Опубликовано в журнале Иностранная литература, номер 11, 2005
Перевод Екатерина Чевкина
Рой Якобсен[1]
1
Едва поднимался мятеж, как великий визирь слал отряды своих конников от селенья к селенью. И сгоняли жителей всех вместе, словно кур, и у всех на глазах отсекали правую руку их старостам. Но прежде давали выбрать:
— Или тебе — или твоему старшему сыну?
Оттого страх удваивался, а боевой дух убывал вполовину. Так удавалось подавлять мятежи и ослабить непокорных подданных.
На краю селения Добрин жил крестьянин Горадз. Слыл он храбрым воином и верным христианином и, будучи спрошен в свой черед, попросил пощадить его четырехлетнего сына, Милана, а покарать его самого.
Начальник турок, Белидж, дал знак палачу по имени Альса, и у всех на виду Горадза привязали к двум столбам; двое турок положили его правую руку на плаху и держали ее. Когда Альса взмахнул саблей, все отвели взгляды. Единственными, кто не сводил глаз с бледной кожи на могучем предплечье пленника, были сам Горадз, его жена, богобоязненная Дуба, и палач Альса.
Едва сабля отсекла руку от тела, Дуба с воплем кинулась вперед и перерезала веревки. Она оттащила мужа в кузницу, прижгла ему раны и уняла кровь.
Когда Горадз открыл глаза, была уже ночь. Его мучил жар и боли в руке: болели пальцы, запястье, предплечье, каждая пядь отсеченной руки горела будто от раскаленного железа. Дни напролет лежал он, кусая губы, и говорил сам с собой, и кричал, чтобы ему отняли наконец руку:
— Да отрубите же ее наконец! Отрубите!
Через три недели ему полегчало. Веки его гноились, два зуба сломались, мышцы шеи отчаянно болели. Но рука болеть перестала.
Тут сын его Милан, что все это время спал с соседскими близнецами, вернулся домой и сел у отцовой постели. Казалось, мальчик винит себя, слыша невыносимые стоны отца и видя его изувеченное тело — Горазд сразу заметил, как Милан переменился: он стал серьезным, послушным, то и дело приносил отцу попить и не отходил, как тот его ни прогонял. Пришлось Дубе вновь отвести его к соседям. Но Милан удрал и опять прибежал домой.
С той поры стал Горадз в нем узнавать себя.

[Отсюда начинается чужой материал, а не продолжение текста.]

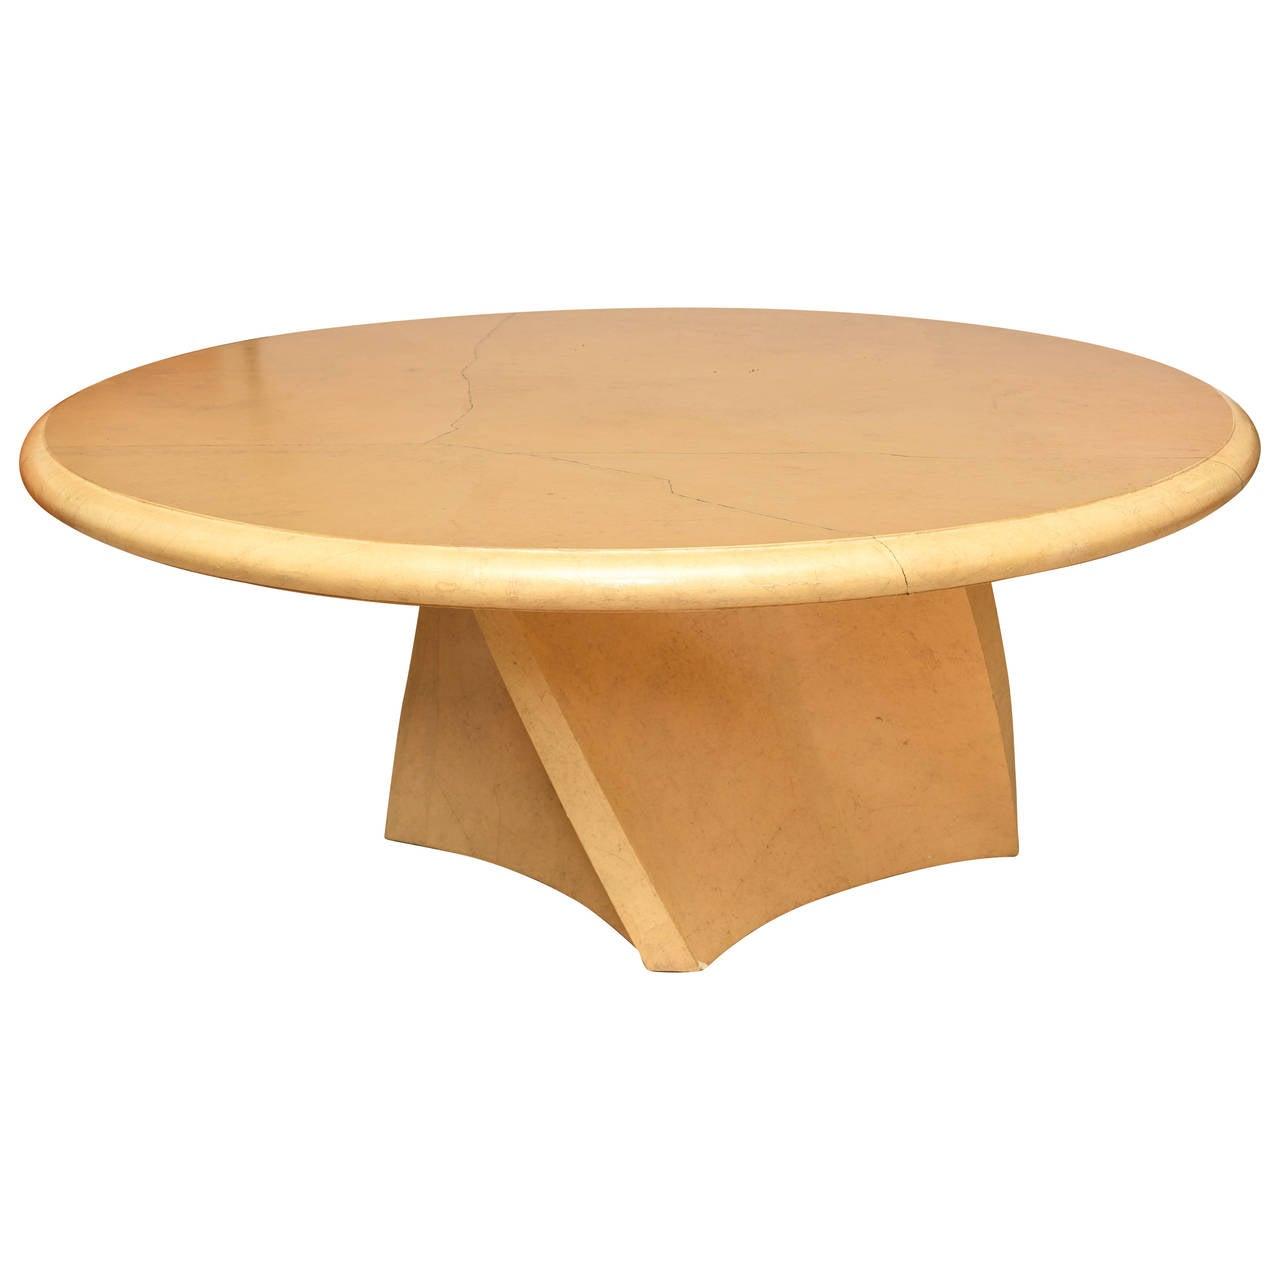 "Large American Modern Circular ""Goatskin"" Dining Table in Karl Springer Style"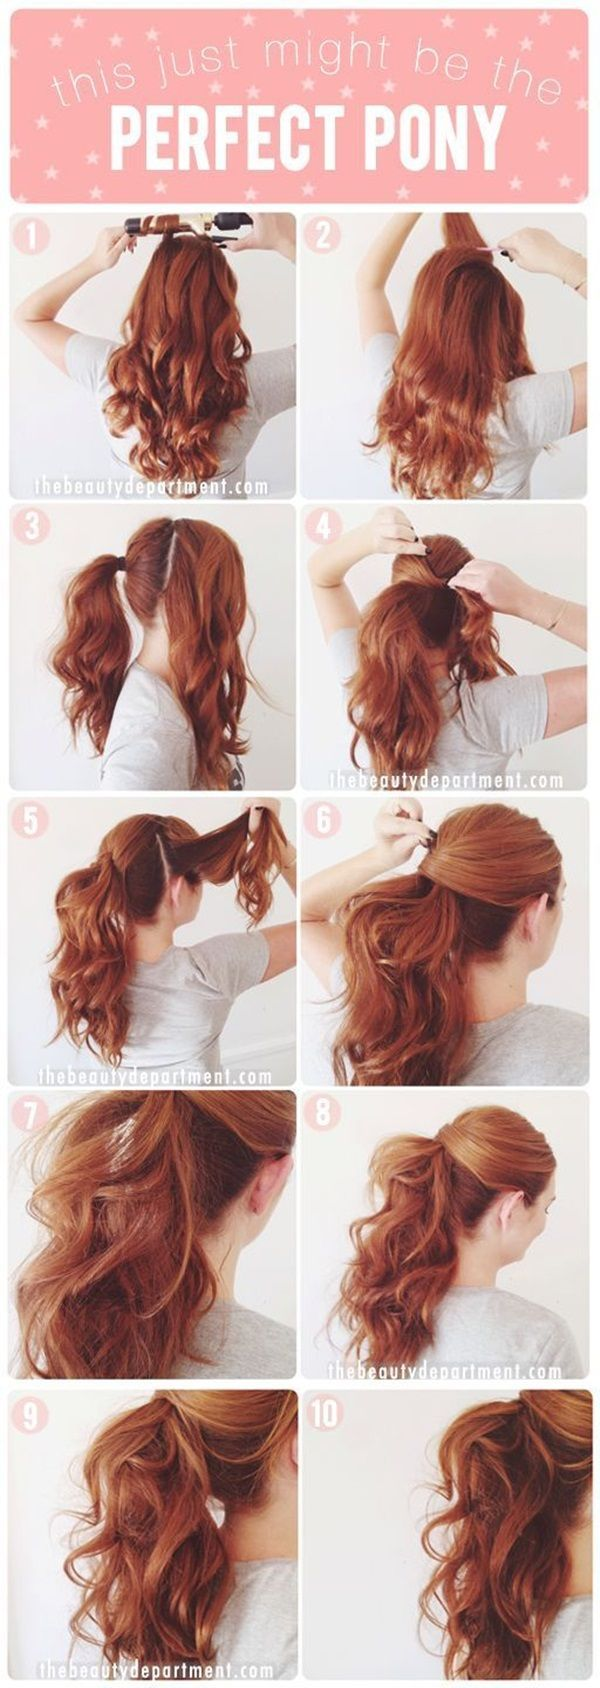 Peachy 1000 Ideas About Diy Hairstyles On Pinterest Easy Diy Short Hairstyles Gunalazisus

А как начал староста подыматься — сперва по дому ходить, потом по двору, сын ходил рядом и ему помогал. Малейшую просьбу сын исполнял безропотно. В кузнице он с радостью брался за клещи и ворочал раскаленное железо, чтобы отцу было сподручнее ковать. Так и стал Милан не только правой рукой отца — заговорили вокруг, будто он и растет и учится быстрей других ребятишек.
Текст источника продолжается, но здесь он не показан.